Parenting stress is an adverse psychological reaction to the demands of being a parent. Parenting stress can be generated from a range of factors, such as the child’s poor social skills, behavior or attention problems and emotional dysregulation, and parent related factors, such as social isolation, disagreements with one’s spouse or grandparents (May et al. 2015; Naomi Ornstein and Alice 2008; Gong et al. 2015). Studies showed that parents of children with ASD reported significantly more stress than parents of children without ASD and other disabilities (Brei et al. 2015; Falk et al. 2014; Naomi Ornstein and Alice 2008). It is well known that parenting stress has a great association with negative outcomes, including parental depression and anxiety, marriage problems, family functioning difficulties and lower parental physical health (Falk et al. 2014; Maxted et al. 2005). High levels of parenting stress can result in a decreased ability to implement important interventions that could benefit their child (Huang et al. 2014). Chinese parents of children with ASD, in particular, are reported to face higher stigma and to experience more internalization and self-blame than parents in the west (Zheng and Zheng 2015).
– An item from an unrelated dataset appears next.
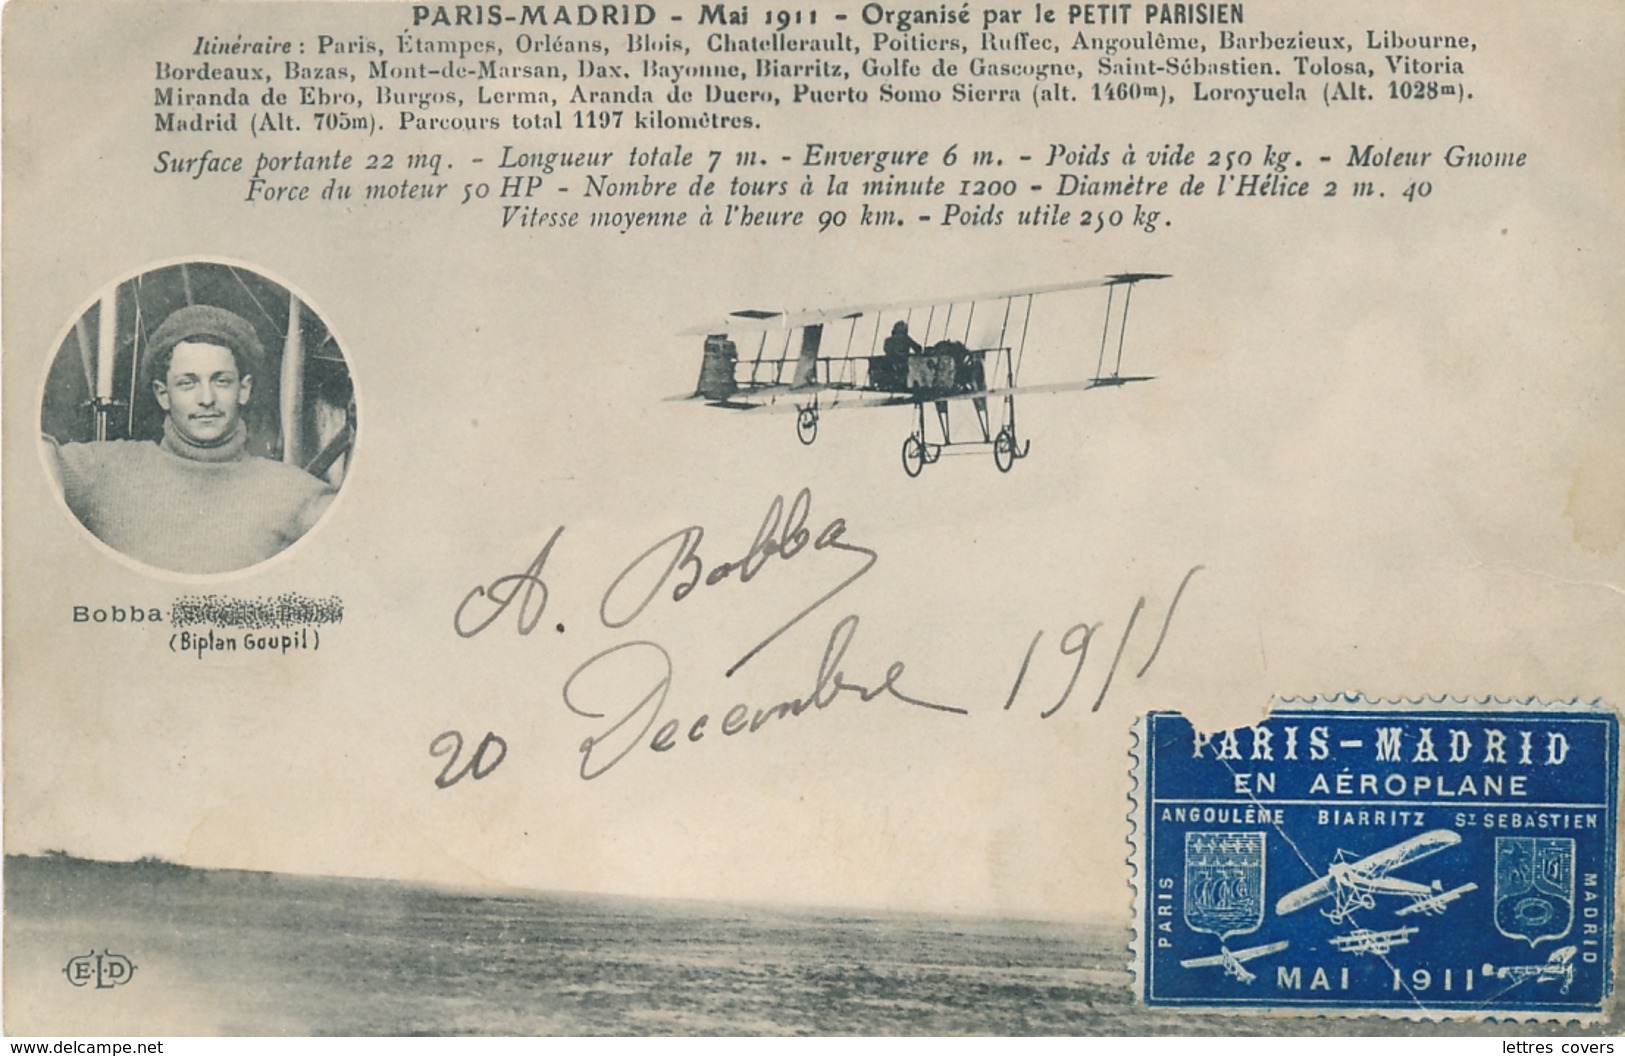 BOBBA CP " PARIS MADRID MAI 1911 Organisé PETIT PARISIEN Biplan Goupil Signature Autographe + Vignette - Airmen, Fliers

Understanding what contributes to parenting stress will lead to more targeted interventions to support families and their children. It will also help to find ways to mediate or moderate parenting stress to relieve their mental pressure and facilitate positive family functioning (Hayes and Watson 2013).

Social Support

Social support is defined as the provision of physical, emotional, informational, and instrumental assistance that an individual perceives from their social networks (Cobb 1976; Lu et al. 2015). Social support encompasses a multitude of social interactions with one’s spouse, extended family, friends and others (Siklos and Kerns 2006). Previous studies have found that parents of children with ASD in developing countries are under more pressure than those in developed countries, partly due to the lack of a social support system (Xiong et al. 2010). Thus, these parents are more likely to experience a sense of social isolation and prejudice, and they may be more reliant on support from family and friends.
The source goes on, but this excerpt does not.